My initial solution to this problem was to block all Microsoft emails from being used to register new accounts, and to display a notice targeted only to users with Microsoft emails asking them to change their email address. This was fine for a time, but I had to constantly manually intervene with users who needed to reset their passwords and couldn’t receive the password reset email, so I decided to try something else. I wrote a database query to set all users with a Microsoft email to a special account state for email validation!

This email validation mode is used for newly registered accounts so that they are required to use a valid email address and prove they own it. With this change users who login will be forced to change their email address instead of ignoring the big notice asking them to change it, and I’ll have to manually intervene less and less over time. Seems like an easy fix, right?

Very wrong. As it turns out, an unrelated plugin I had installed for the forum did something I hadn’t considered. It had a cron job which would purge “stale” accounts which had been registered but never confirmed their email address. But this job wouldn’t run until the middle of the night, so the ticking time bomb was set and would go off when I wasn’t available to deal with it.

By morning, I was alerted to the fact that nearly 30,000 user accounts on the forum had vanished. Panic set in as I tried to discover what happened, and I eventually fingered the offending plugin for its useful yet deadly feature due to my quick-fix solution. But that’s alright, because I maintained database backups.

From Bad to Worse

Except, not really. What I called a “backup” was in reality a script I’d occasionally run manually to make a backup of the database, and the two most recent backups I had were of a few days ago and about a month ago. Not ideal, but not too terrible. But remember how I said panic and lack of planning can snowball? I ran a command along the lines of this:

mysqldump -u forum_user forum_db > days-old-backup.sql

Oops. A backup plan doesn’t truly exist if it hasn’t been tested, and I just blew it severely with a lapse in judgment and a small typo; I overwrote the only copy of the most recent backup. The other backup was nearly a month old! But, there was no choice, I had to load it up to recover the deleted accounts. This time I created a copy of the database backup and paid very close attention to the import command before running it. The database was imported and, while the site had effectively been rolled back by nearly one month, everything until that point had been successfully recovered. It could have been worse, but it was still a huge blow to my ego.

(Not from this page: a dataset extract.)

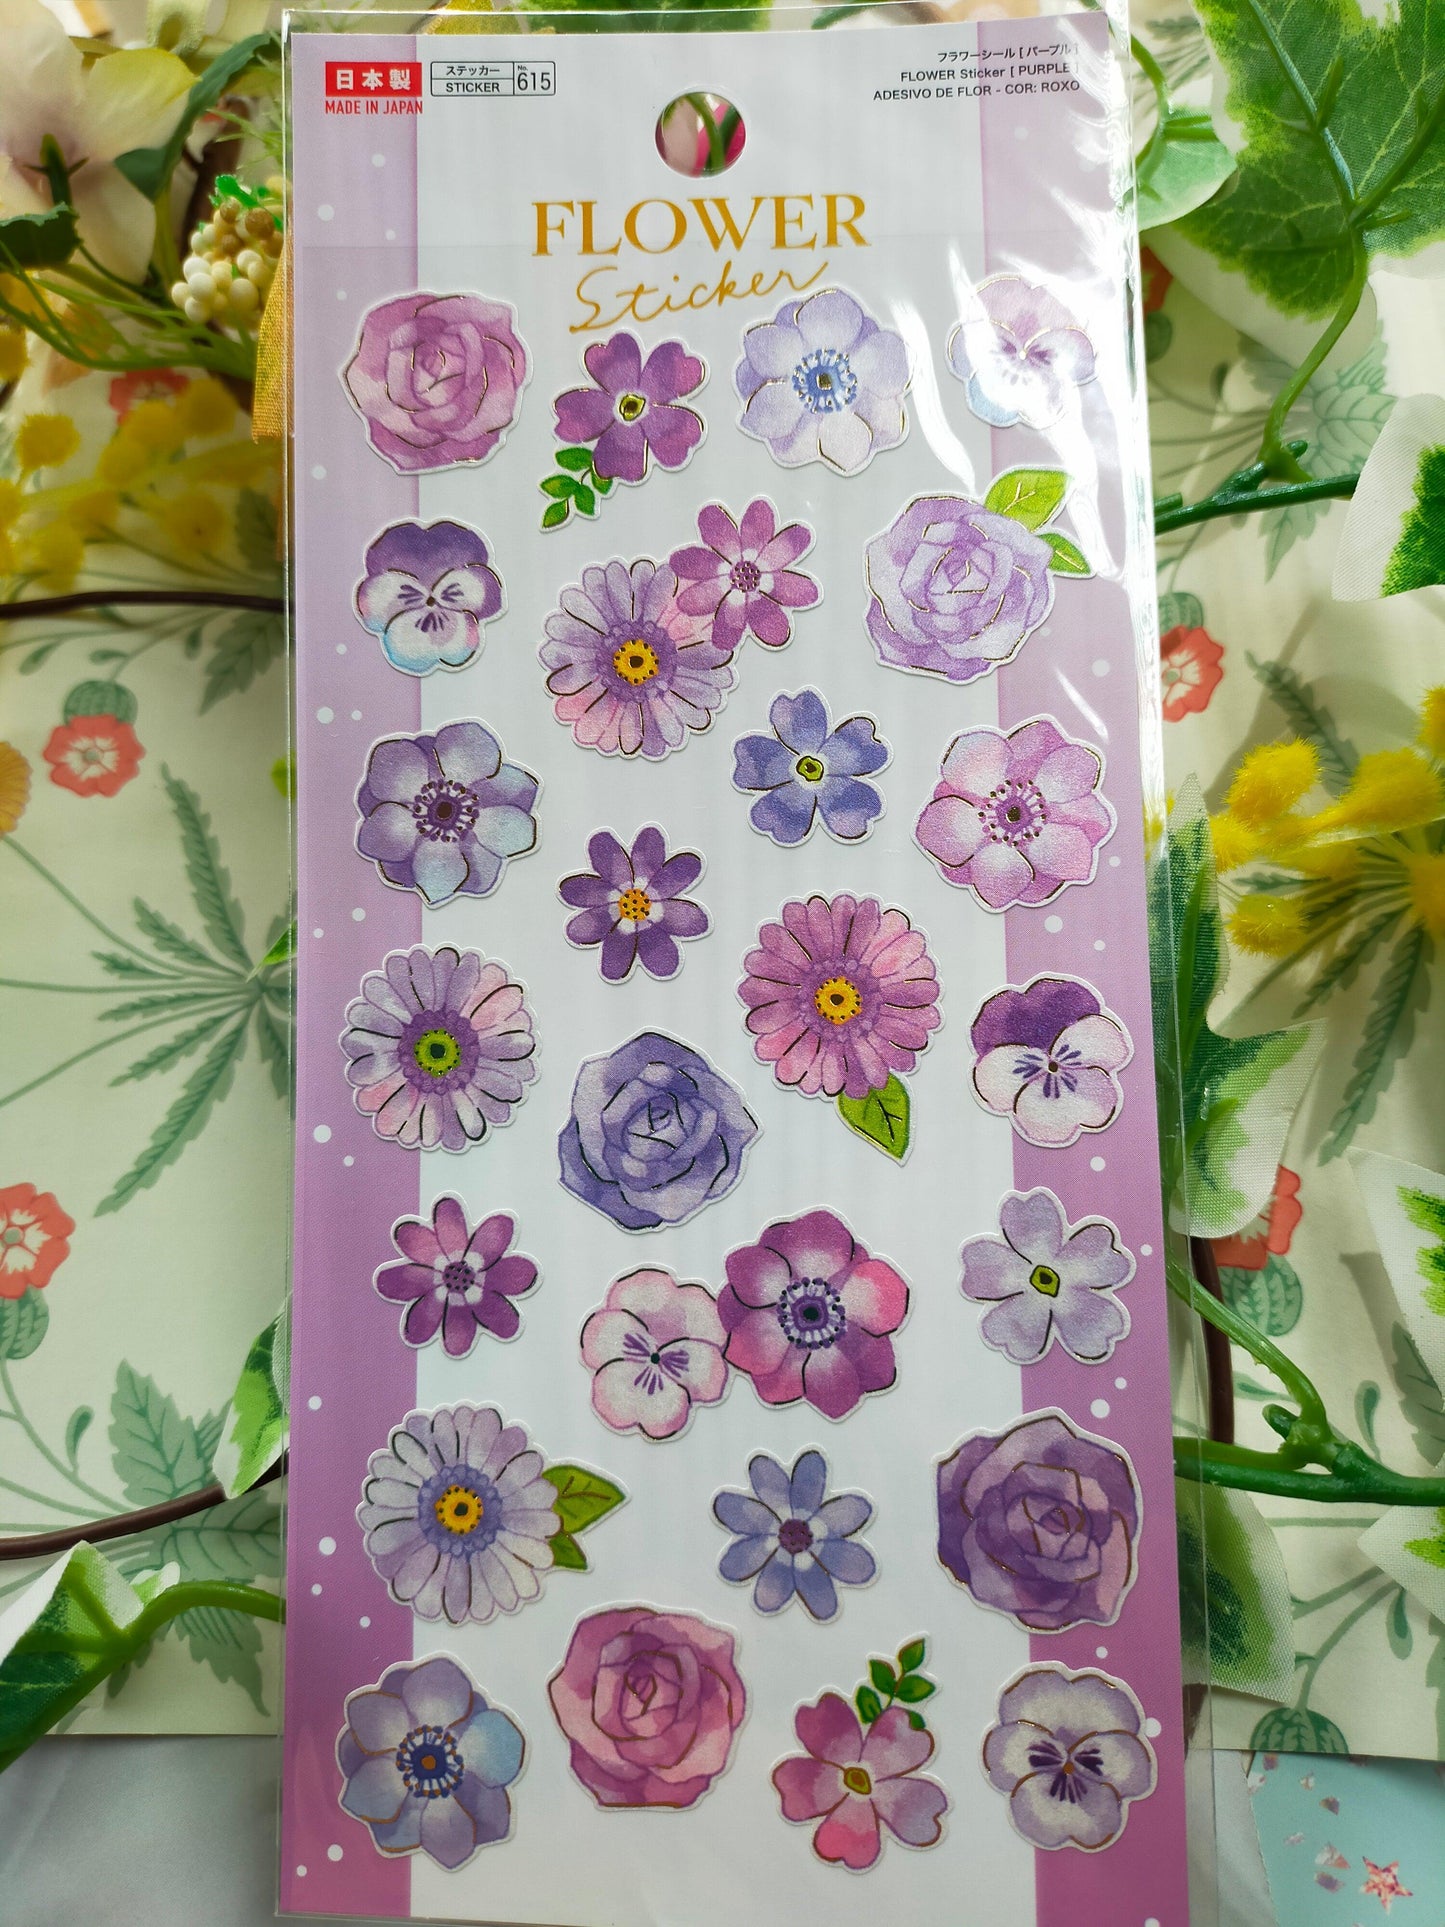 FLOWER Sticker,daiso sticker_Light Green /Pink/Yellow /Green /Blue /Purple
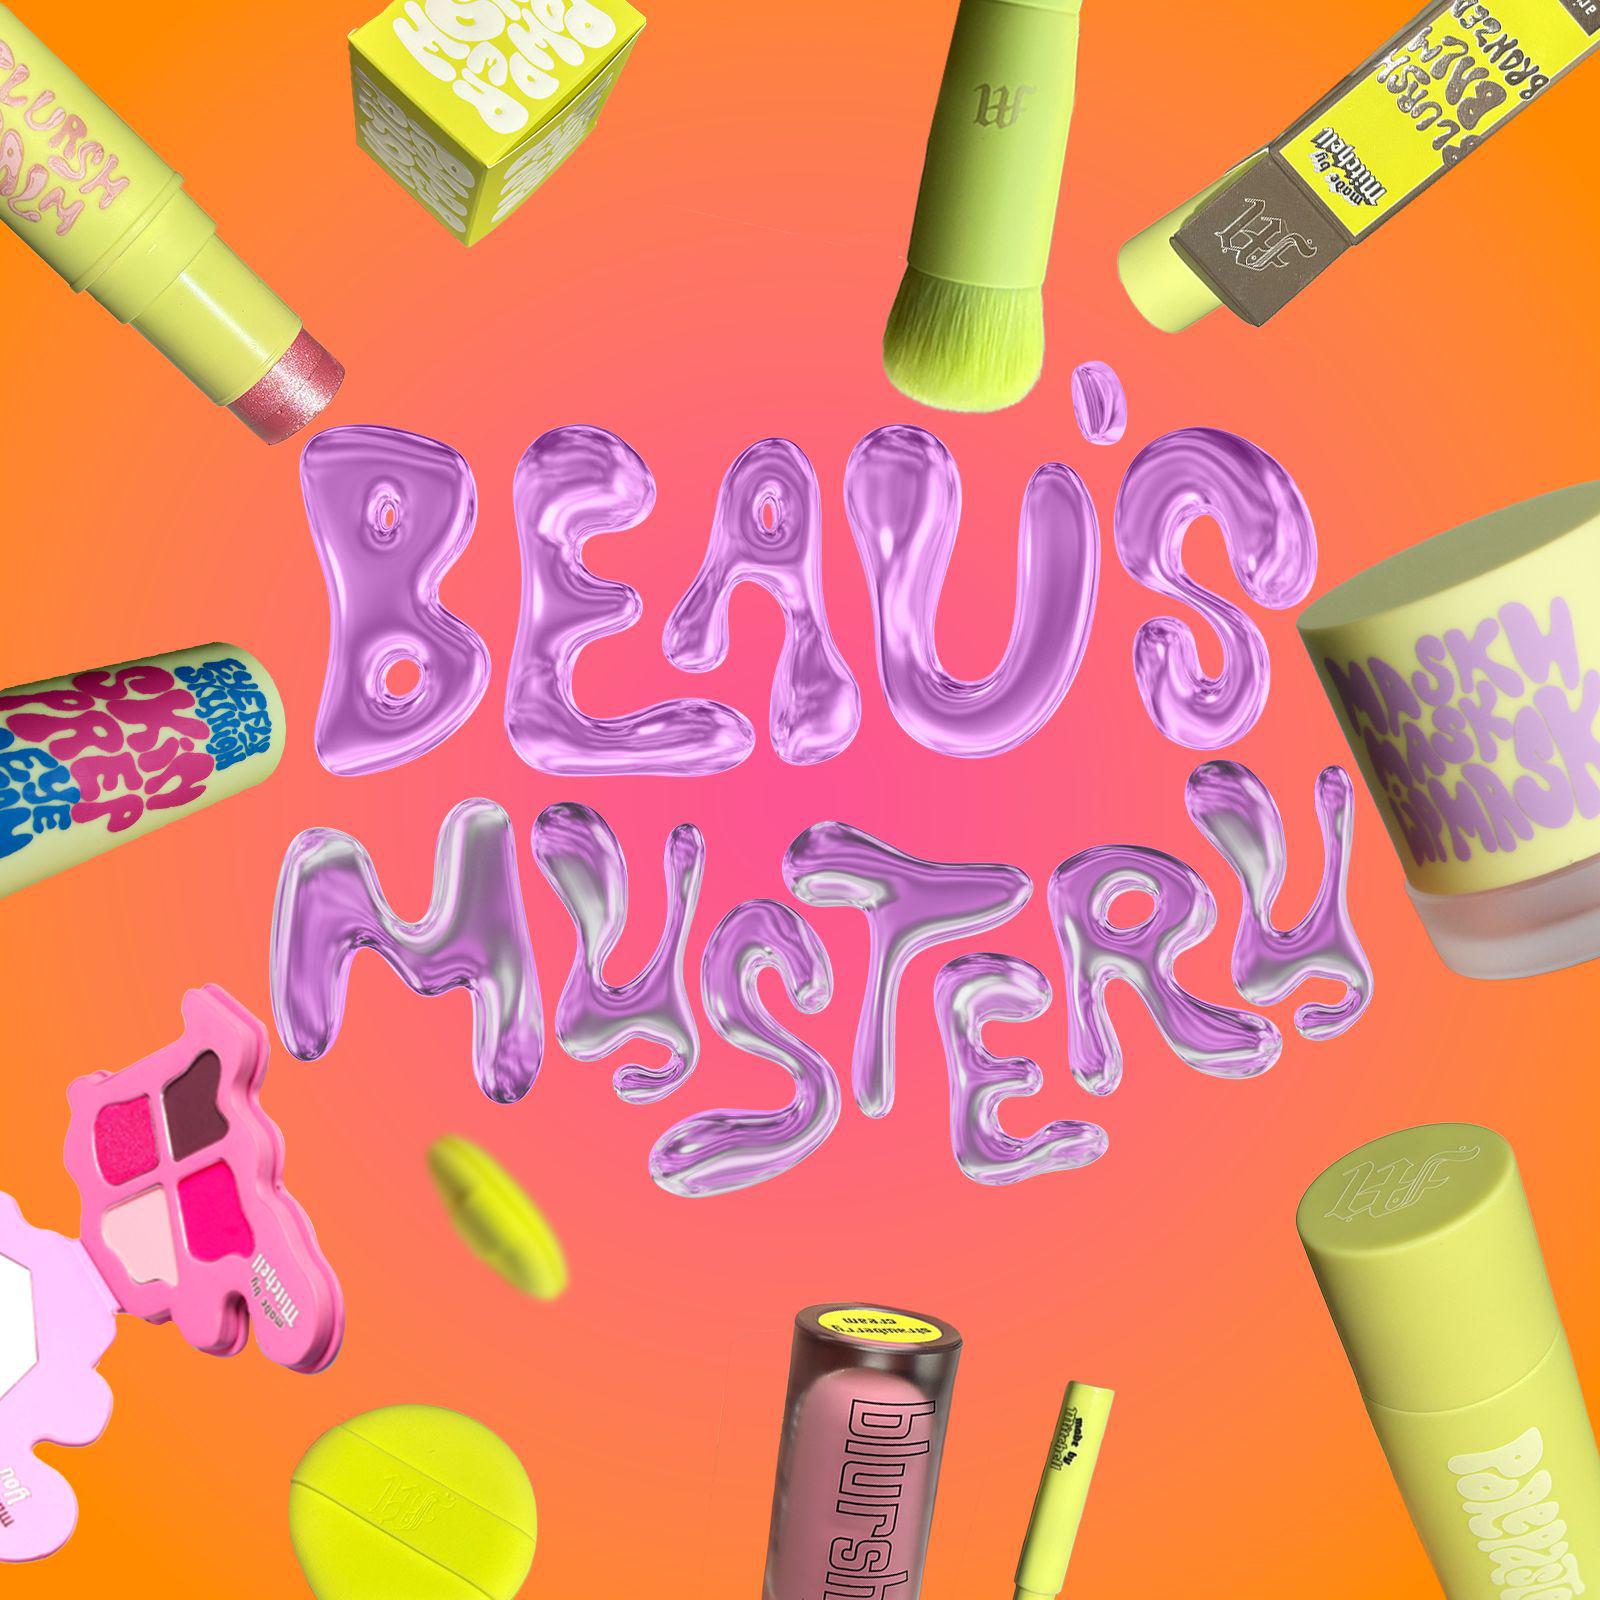 Beau's Makeup Mystery

I had considered splicing the month-old backup into the current database in order to recover the accounts, but there was no telling what damage such a fix might have caused, and I didn’t have time to figure it out. I also could have tried splicing the current database into the old database to recover posts, but the problem of identifying potential conflicts remained.

Lessons Learned

This series of unfortunate events led me to realise that I had become complacent with how things were running without considering how they could be improved. Backups needed to be automated, and the process of recovering from a backup needed to be tested. Further, the other administrators needed to take on responsibilities to increase the bus factor. The solution I ended with was a script on the server to maintain yearly, monthly, and daily deduplicated backups.

This meant any future occasion where something were to go terribly and unexpectedly wrong, I could recover the server to a point no more than 24 hours in the past, and ideally if it became necessary the other administrators could do so themselves and not worry about destroying anything irrecoverably in the process.

I also attempted, but failed, to increase the bus factor. The most recently generated backups were made available to each administrator via HTTPS using client certificate authentication, and the backups themselves were encrypted and authenticated using GPG with each administrator’s public key. While the bus factor had technically been increased, it in reality was not. Such an overly complicated system was unworkable for the other admins and I hadn’t taken measures to alleviate this.

In Conclusion

Have a backup plan, test the backup plan, and increase the bus factor. Avoid single points of failure. Contemplate why fire drills exist.